4. The additive manufacturing method for improving the forming quality of overhanging surfaces according to claim 1, characterized in that, The preset parameters include scaling values. The overlapping areas formed according to different preset parameters between the overhanging area and the combined overhanging area of the Nth layer, and between the combined overhanging area and the non-overhanging area of the Nth layer, include: The overlapping forming area is formed by extending towards each other at the junction of the overhanging area and the combined overhanging area, and at the junction of the combined overhanging area and the non-overhanging area, by the scaling value.

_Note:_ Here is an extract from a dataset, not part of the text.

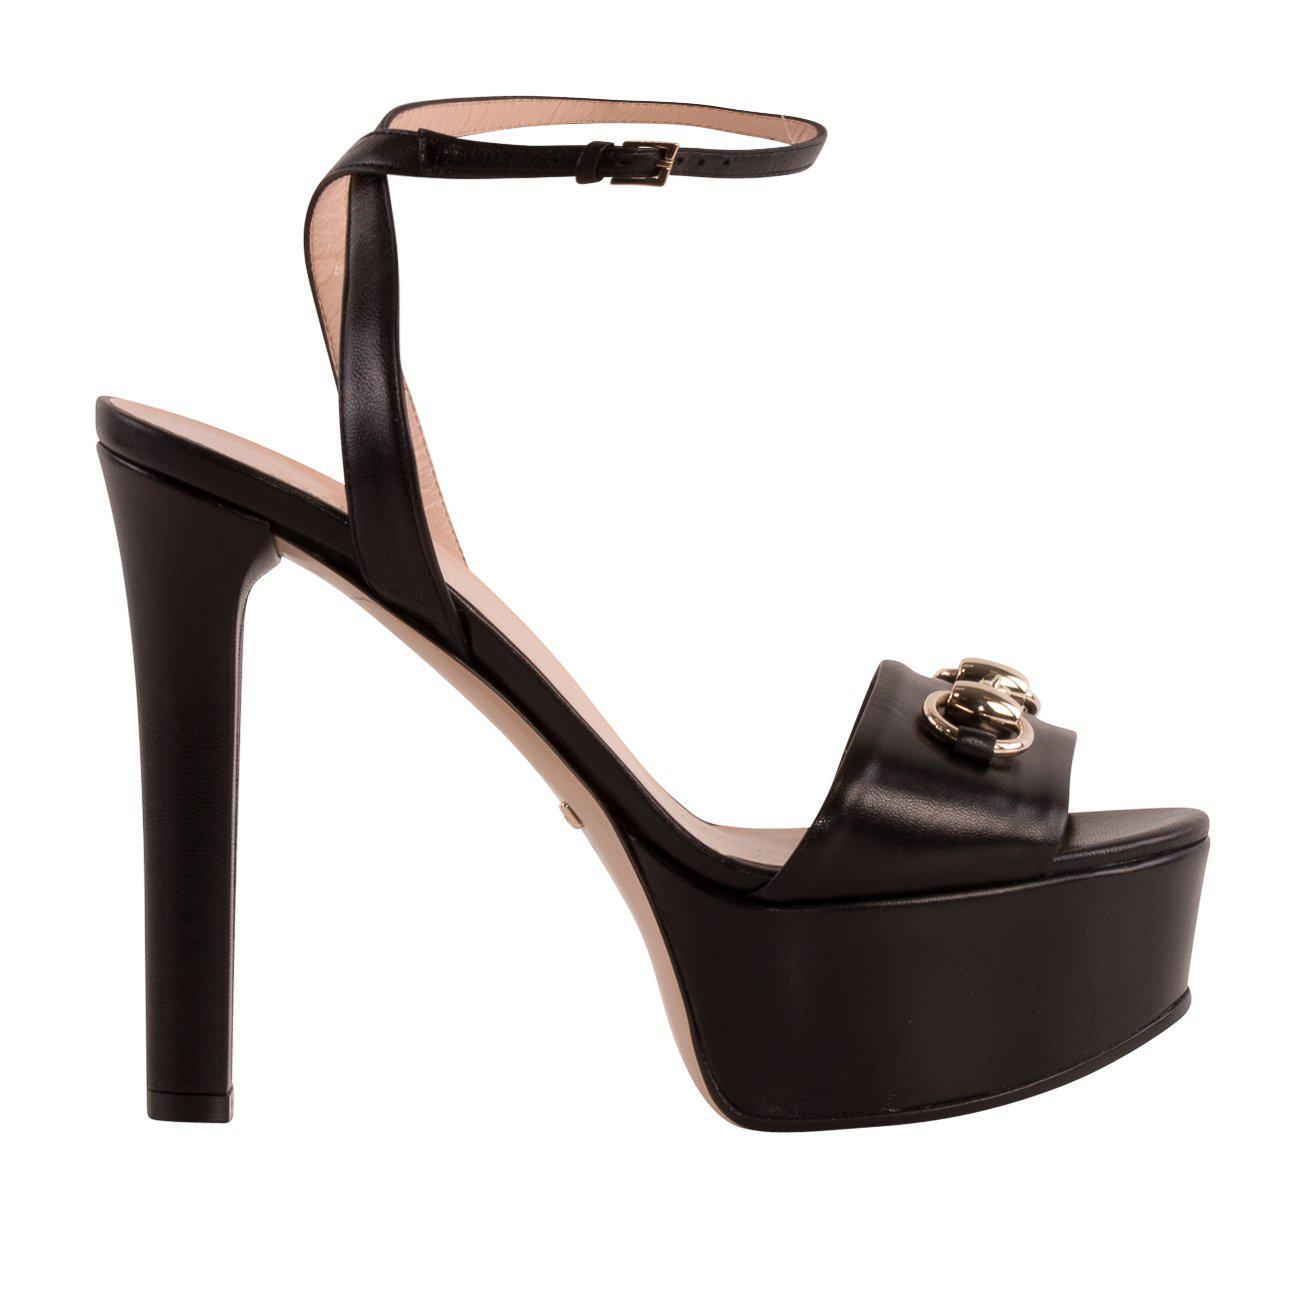 762c28b83ae Gucci Signature Buckle Sandals in Black - Lyst

5. The additive manufacturing method for improving the forming quality of overhanging surfaces according to claim 4, characterized in that, The scaling value ranges from 0 mm to 1 mm.
6. The additive manufacturing method for improving the forming quality of overhanging surfaces according to claim 1, characterized in that, The forming strategy for each slice layer also includes: Additive molding of each slice layer is performed sequentially in the order of the non-overhanging region, the overhanging region, and the supporting structure.
7. The additive manufacturing method for improving the forming quality of overhanging surfaces according to claim 1, characterized in that, The forming strategy for each slice layer also includes: performing additive forming of each slice layer sequentially along a direction gradually approaching the air vent.
8. A terminal device, characterized in that, The terminal equipment is applied to a laser selective melting and forming system with laser additive manufacturing equipment, and includes: The processing module is provided with a storage medium for storing the additive manufacturing method for improving the forming quality of overhanging surfaces as described in any one of claims 1-7; A communication module, connected to the processing module, is used for communication with the molding equipment.